Stevie me fait goûter une cuillère de vinaigre de cidre infusé au bois de hêtre (une idée de son contact au fumoir). Soudain, il se rappelle pourquoi je suis venue.
« Ah oui, tu es venue pour faire du garum. C’est parti. »
Le chef m’embarque dans les cuisines de son restau pour me dévoiler les secrets de cette sauce de poisson utilisée il y a plusieurs siècles par les Romains. La recette est simple : des intestins de poissons, de l’orge, du sel et de l’eau.
Je lui demande d’où lui est venue l’idée de faire ce qu’il décrit comme « une sorte de ketchup de l’Antiquité. »
« J’ai testé quelques recettes en utilisant par exemple le jus qui sort du poisson quand on le sale », m’explique Stevie. « Mais finalement j’ai repris la recette de René Redzepi, ou plutôt celle de son labo, en l’adaptant. J’utilise des enzymes plutôt que des bactéries. Donc mon garum ne fermente pas, on le fait vieillir à haute température. »
La leçon de petit chimiste peut commencer. Stevie commence par me montrer un bol plein de grains d’orge.
« On les inocule avec de l’aspergillus [une espèce de champignon] qui va se développer à la surface des grains. Il produit des enzymes qui seront ajoutées au mélange de poisson, de sel et d’eau.

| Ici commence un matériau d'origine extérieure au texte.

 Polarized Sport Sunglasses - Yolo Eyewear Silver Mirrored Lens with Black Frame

Quand on met le bocal à vieillir à 60°, l’aspergillus meurt mais les enzymes qui se nourrissent d’amidon et de protéines survivent, ce qui crée un liquide riche, dense et incroyable. »
Étape suivante : les intestins.
Stevie m’explique que le garum qu’il va préparer aujourd’hui est au calamar, mais il utilise aussi de la seiche et du maquereau.

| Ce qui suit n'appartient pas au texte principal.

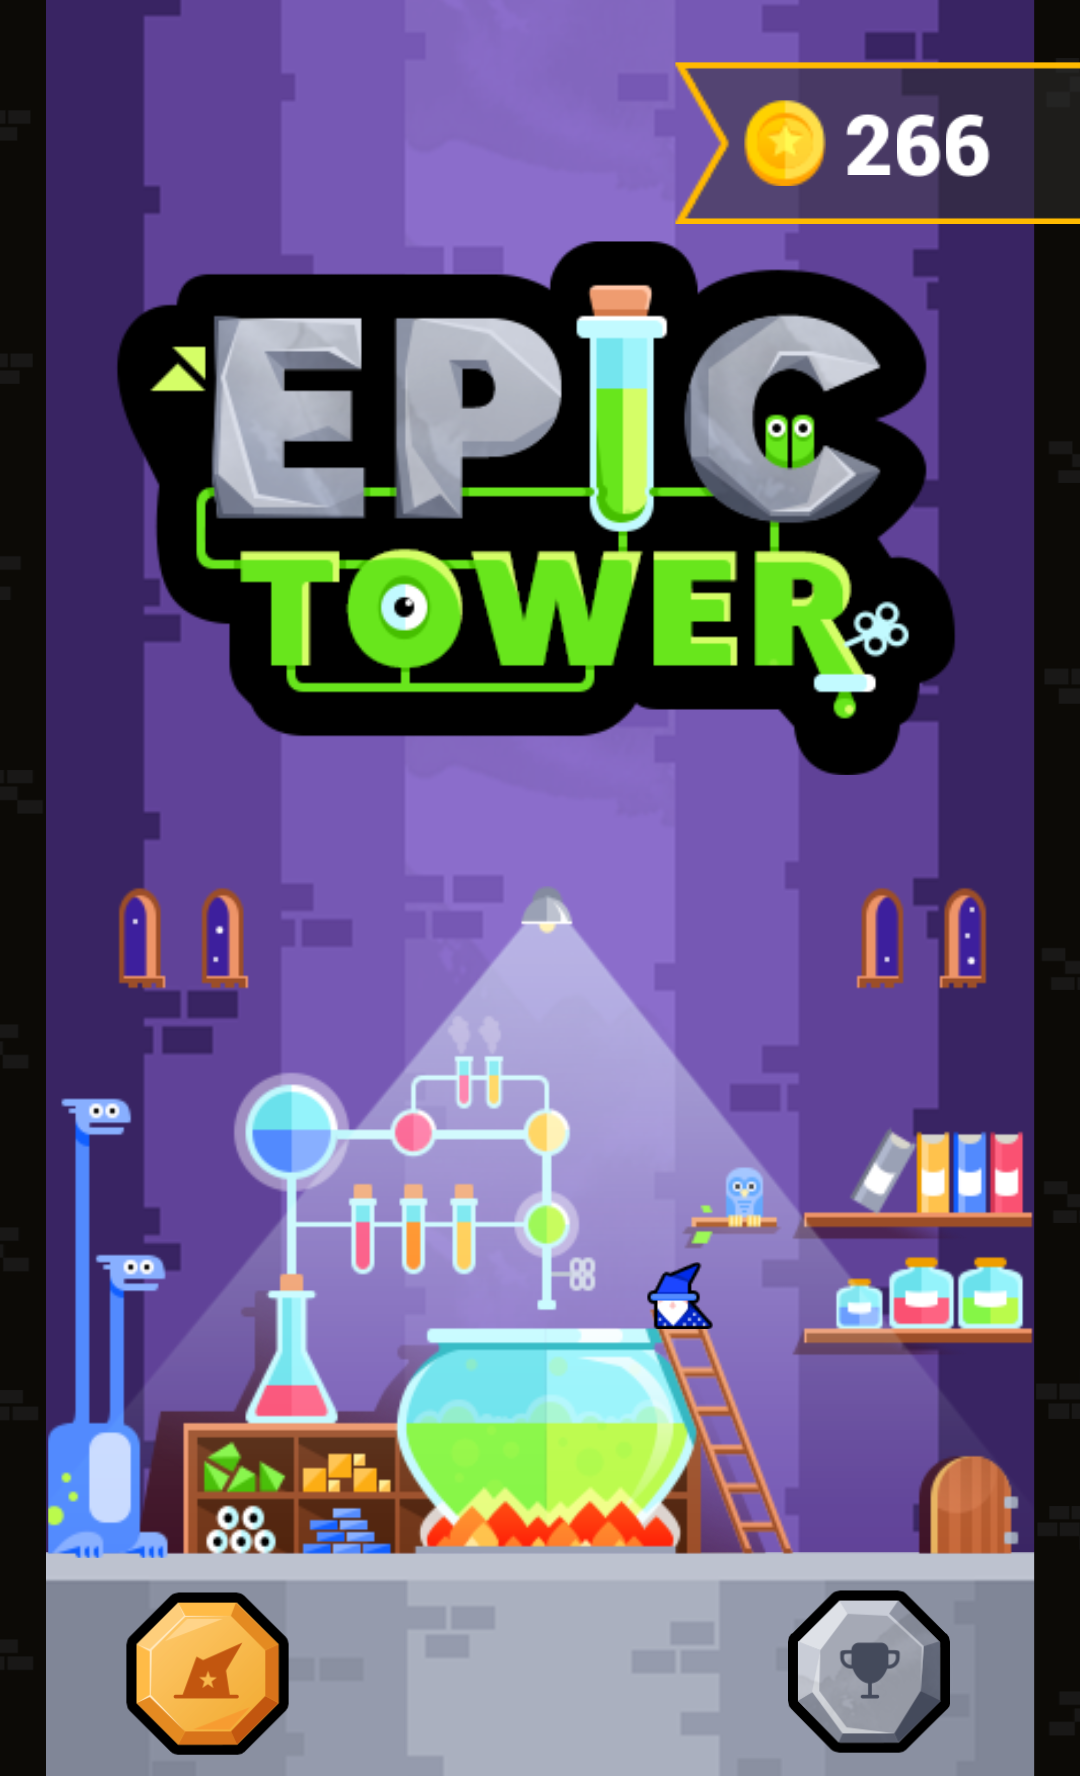 Screenshot 1 of Torre epica 1.0.3

Alors qu’il presse la matière grisâtre et l’orge entre ses doigts, il continue de m’expliquer : « Il suffit de tout hacher – les mauvais morceaux, les yeux, les boyaux, l’encre, les tentacules bizarres… ».
Sympa.
« On essaye souvent d’utiliser des produits qui finiraient normalement à la poubelle. Comme ça, on a directement les ingrédients à portée de main », poursuit Stevie. « Bon, ça semble logique d’avoir du sel et de l’eau. Et on a déjà également le koji (les grains d’orge recouverts d’aspergillus) puisqu’on prépare déjà du miso ici. »
Il suffit ensuite d’ajouter de l’eau et du sel avant de transvaser le mélange dans un bocal à confiture. Stevie n’a besoin que de quelques minutes pour préparer la substance mais il faudra encore attendre dix semaines dans une pièce chauffée à 60° pour que le garum soit fin prêt.

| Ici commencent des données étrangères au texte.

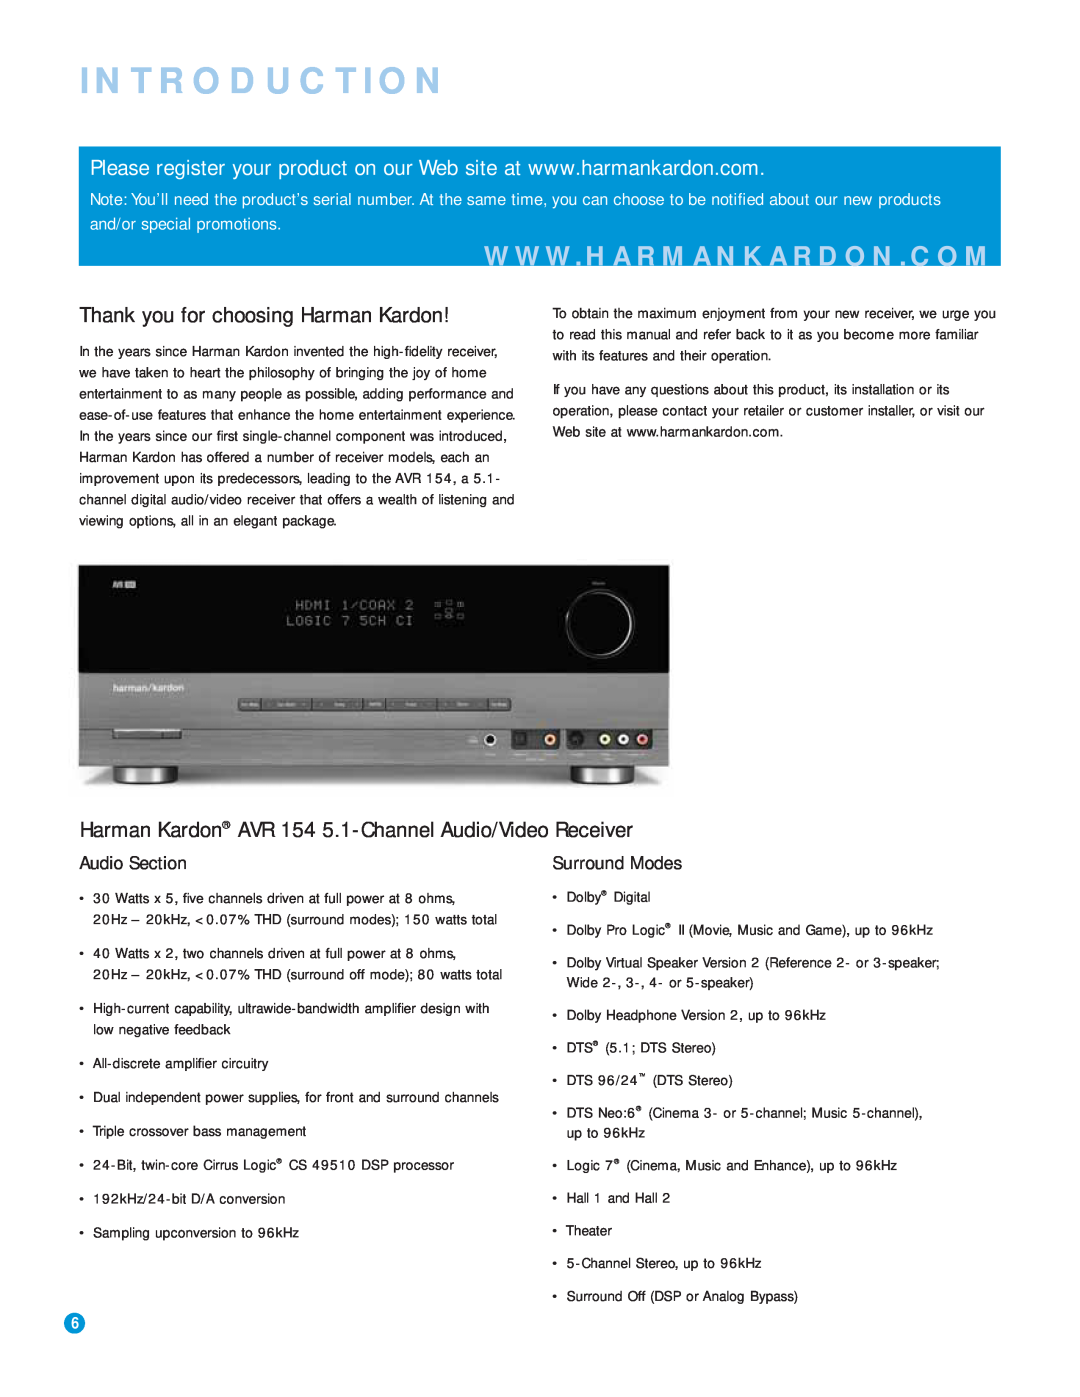 Harman-Kardon AVR 154 owner manual Introduction, Thank you for choosing Harman Kardon, Audio Section, Surround Modes

Du coup, pourquoi s’embêter à le fabriquer soi-même ?
Stevie justifie cette obsession : « Je n’aime pas utiliser des préparations dont je ne connais pas la provenance ou la composition. Si j’achète un produit tout prêt, je n’ai aucune relation avec lui. »
« Et puis, notre garum est meilleure qu’une sauce de poisson. Il est plus complexe et c’est une sauce très umami qui se marie mieux que tout autre avec de la viande ou des légumes. Vous pouvez par exemple en mélanger une cuillère avec du beurre et le servir avec un steak. Ce soir, on a mis une sorte de tartare au menu avec une émulsion au garum. Et j’imagine déjà un mariage tofu – garum. »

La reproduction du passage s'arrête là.